Dear Church Leaders
I am writing to ask you for advice about my sister Mia. What do you think I should I say to her?
In March 2020, Mia originally took what the authorities were saying about covid at face value. She followed all the rules and guidance. Staying at home. Avoiding meeting people face-to-face. Getting tested for anything even vaguely resembling a covid symptom. Later on, she wore a mask as prescribed by government guidance. Although she can’t now help wondering why. She remembers the authorities saying in Spring 2020, at the height of the pandemic, that masks do more harm than good.
Why wouldn’t we trust the authorities, thought Mia? Weren’t these measures necessary to beat this terrible pandemic and get back to normal? But nearly two years on, Mia finds it increasingly hard to believe that we are heading back to normal any time soon, and she is increasingly wondering what is really going on.
Mia knows that covid exists.
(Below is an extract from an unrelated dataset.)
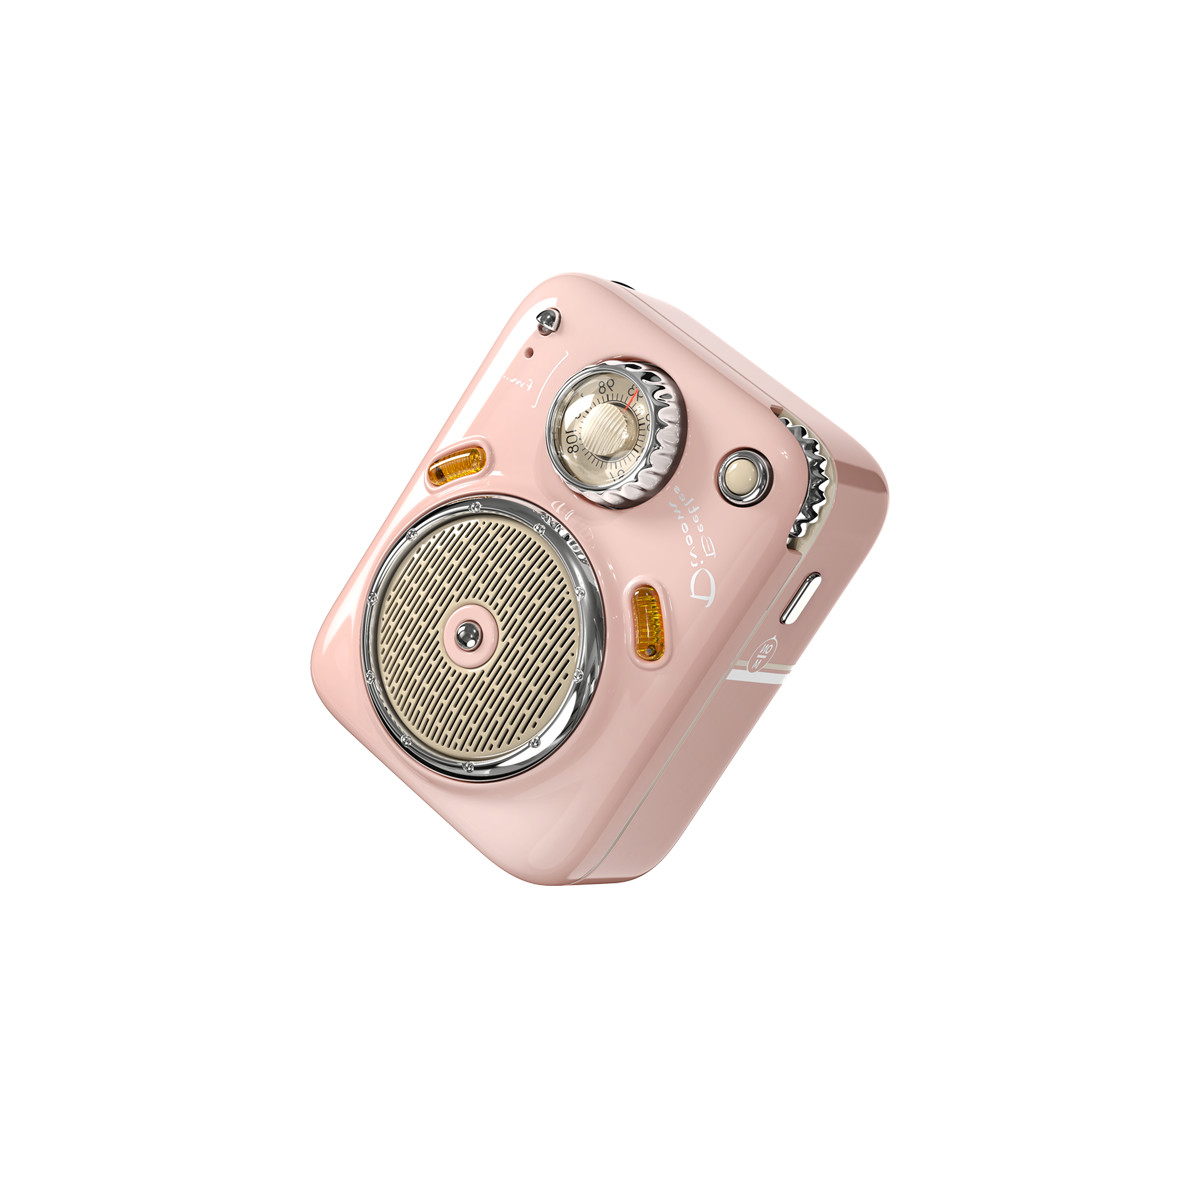 Loa Bluetooth Divoom - Beetles FM - Thiết kế siêu nhỏ, cổ điển, Tích hợp FM radio và thẻ nhớ TF card - Hàng chính hãng

She tested PCR positive last Autumn. Not that she really needed a test. The strange loss of taste and smell was unlike anything she could remember. But the illness wasn’t a big deal. A cough and a mild fever. She’s had worse bouts of flu. And part of her was relieved to have had covid, not least because she knows that she now has broad and long-lasting immunity much better than any vaccine could ever provide. At least that’s what she hears from Sofia, an old friend from university who works in the pharma industry. And Mia now wonders if some people have been immune to covid all along, perhaps due to prior exposure to common-cold coronaviruses. She thinks this might explain why some people don’t catch covid when they are sharing a house — or even a bed — with someone who has it.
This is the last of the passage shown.